[Start of Attachment]

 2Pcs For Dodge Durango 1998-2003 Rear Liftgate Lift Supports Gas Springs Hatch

[End of Attachment]
[Start of Attachment]

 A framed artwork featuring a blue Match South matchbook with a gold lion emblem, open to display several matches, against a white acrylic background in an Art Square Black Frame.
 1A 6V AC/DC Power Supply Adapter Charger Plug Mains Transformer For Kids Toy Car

[End of Attachment]

◆ **Exercise brief**: The exact lines of the material above starting at the one that contains "A framed artwork" and ending at the one that contains "1A 6V AC/DC" are what to retype; leave out everything else.

◆ **Answer to this exercise**:
 A framed artwork featuring a blue Match South matchbook with a gold lion emblem, open to display several matches, against a white acrylic background in an Art Square Black Frame.
 1A 6V AC/DC Power Supply Adapter Charger Plug Mains Transformer For Kids Toy Car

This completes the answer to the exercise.